Example from practice:
- In 2024, "combo packs" containing biometrics, passport data, and card numbers for creating synthetic profiles appeared on the darknet.
- In Russia, carders use such profiles to register "mules" (front men) through banks' biometric systems.
Technical details:
- Generative AI models (such as Stable Diffusion) are used to create fake passport photos.
- Data is purchased on the darknet (markets like Genesis Market).
Trends and statistics
- Rise of social engineering: According to Verizon's DBIR 2024, 68% of attacks on financial systems began with phishing or vishing. Biometrics have increased the popularity of these methods, as direct hacking is difficult.
- AI as a tool for carders: Since 2023, AI tools (deepfakes, voice clones) have become available on the darknet for $50–$200, lowering the barrier to entry for carders.
- Reduced attack success: According to Mastercard, biometrics have reduced the success of fraudulent transactions by 60-70%, but carders compensate for this with volume (millions of stolen cards).
- Regional characteristics: In Russia, carders actively use Telegram channels to sell biometric dumps. According to Group-IB, over 500 carding-related channels were discovered on Telegram in 2024.
- Synthetic Fraud on the Rise: Juniper Research predicts that losses from synthetic fraud will reach $15 billion annually by 2028.

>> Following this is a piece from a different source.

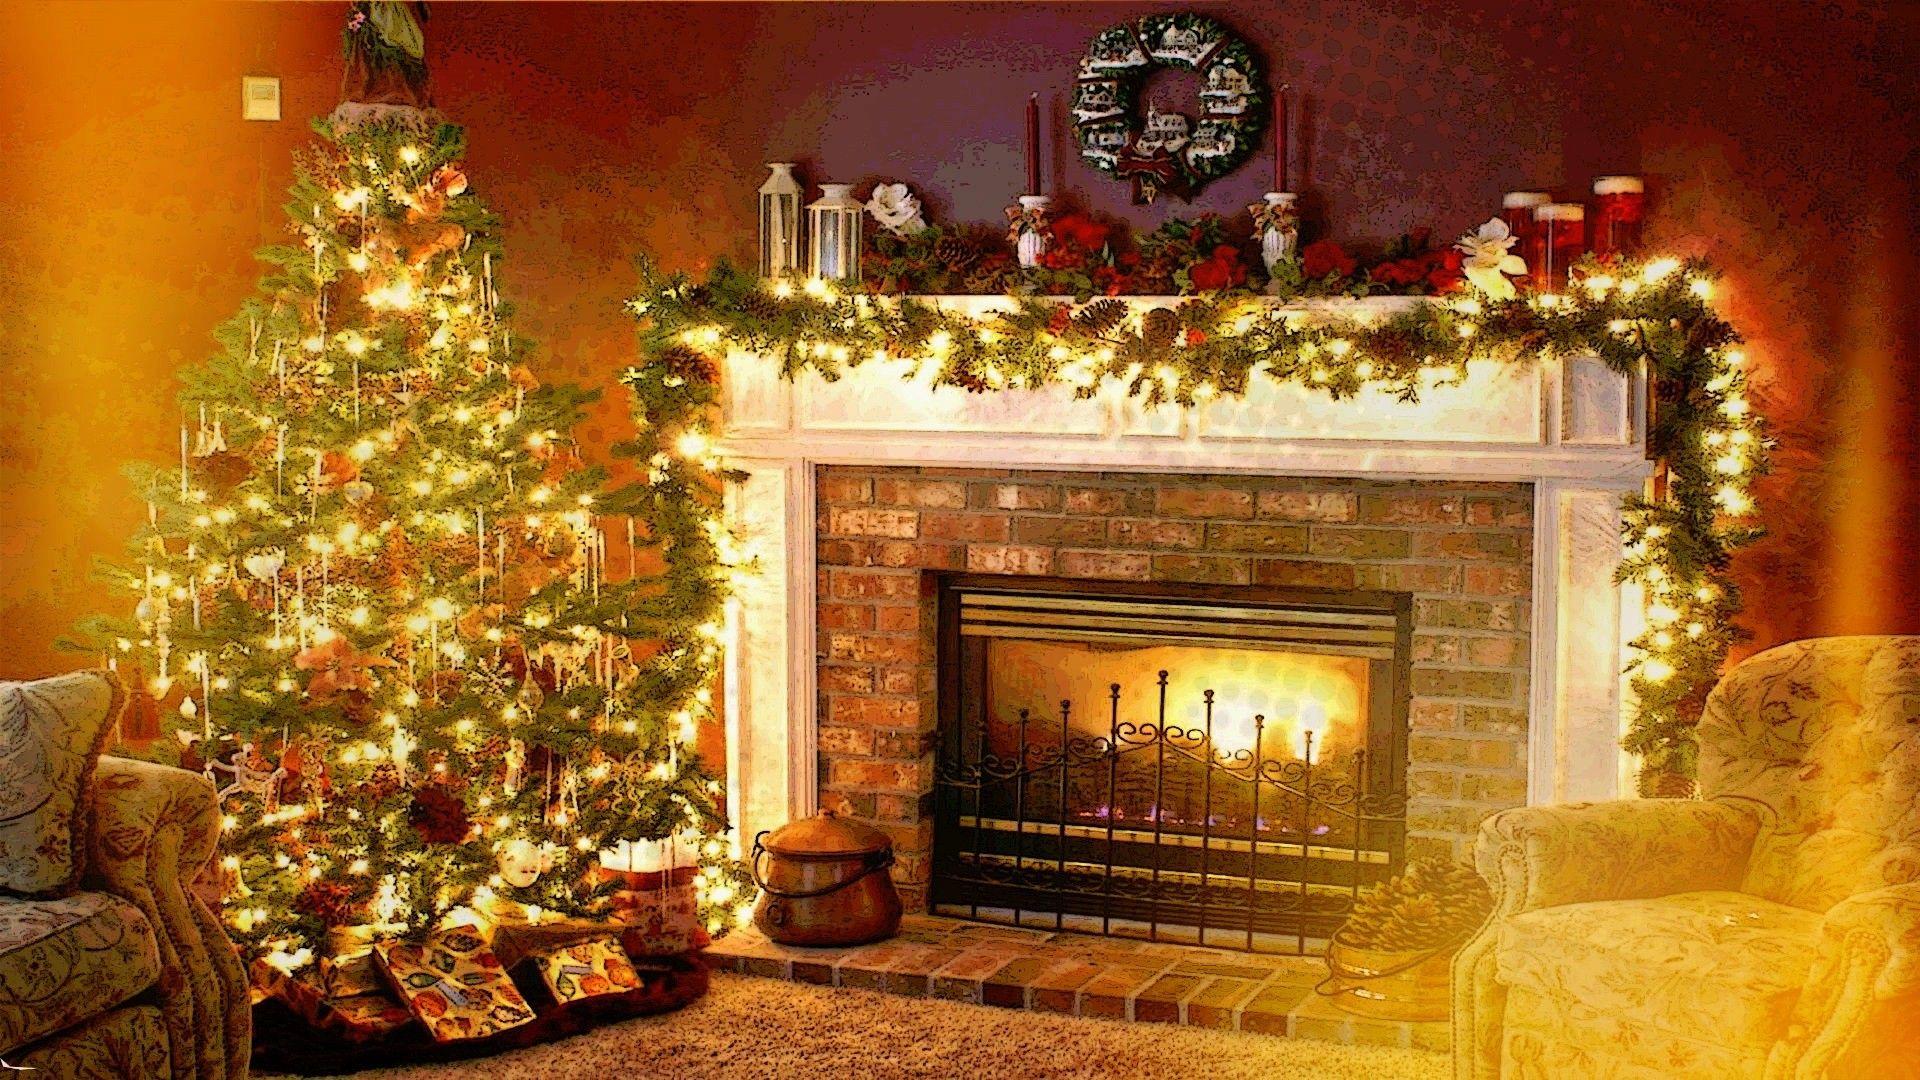 Living Room at Christmastime HD Wallpaper. Background Image

How to protect yourself from adapted carder schemes
It's important for users and organizations to understand how to minimize risks. Here are detailed recommendations:For users
- Transaction monitoring:
- Enable push notifications in your banking app for all transactions.
- Check your statements weekly to spot small "test" transactions.
- Two-factor authentication (2FA):
- Use hardware keys (YubiKey, Google Titan) instead of SMS, as SMS are easily intercepted through SIM swapping.
- Do not confirm transactions with calls from "banks".
- Anti-phishing:
- Install antivirus software (Kaspersky, ESET) to protect against phishing sites and malware.
- Check website URLs (for example, https://bank.com, not http://bank-secure.com).
- Card restrictions:
- Use virtual cards for online purchases with limits (for example, 1000 rubles).
- Disable online transactions for your primary cards in your bank app.
- Education:
- Ignore calls from "banks" asking you to confirm a transaction or enter biometrics.
- Take cybersecurity courses (for example, on the Coursera platform or from banks).
For organizations
- Biometrics enhancement:
- Use 3D facial recognition instead of 2D to protect against deepfakes.
- Implement behavioral biometrics (analysis of movements, input patterns).
- Monitoring and analytics:
- Use fraud monitoring systems (FICO Falcon, SAS) to analyze transactions in real time.
- Monitor for anomalies such as multiple small transactions.
- Customer training:
- Conduct phishing and vishing awareness campaigns.
- Send out instructions on how to use biometrics securely.
- System update:
- Completely abandon 3DS 1.0 and legacy protocols.
- Update APIs regularly and check them for vulnerabilities.
Future Challenges and Forecasts
- AI as a threat: Generative AI models (deepfakes, voice clones) will make biometric spoofing cheaper and more accessible. By 2030, Deloitte predicts, synthetic fraud will increase by 250%.
- Quantum Threat: With the development of quantum computing (expected by 2035), biometric data hashes may become vulnerable to decryption.
- Regulation: Biometric requirements are becoming stricter in the EU (PSD2) and Russia (Federal Law No. 161 "On the National Payment System"), but carders will continue to look for loopholes in countries with less stringent regulations.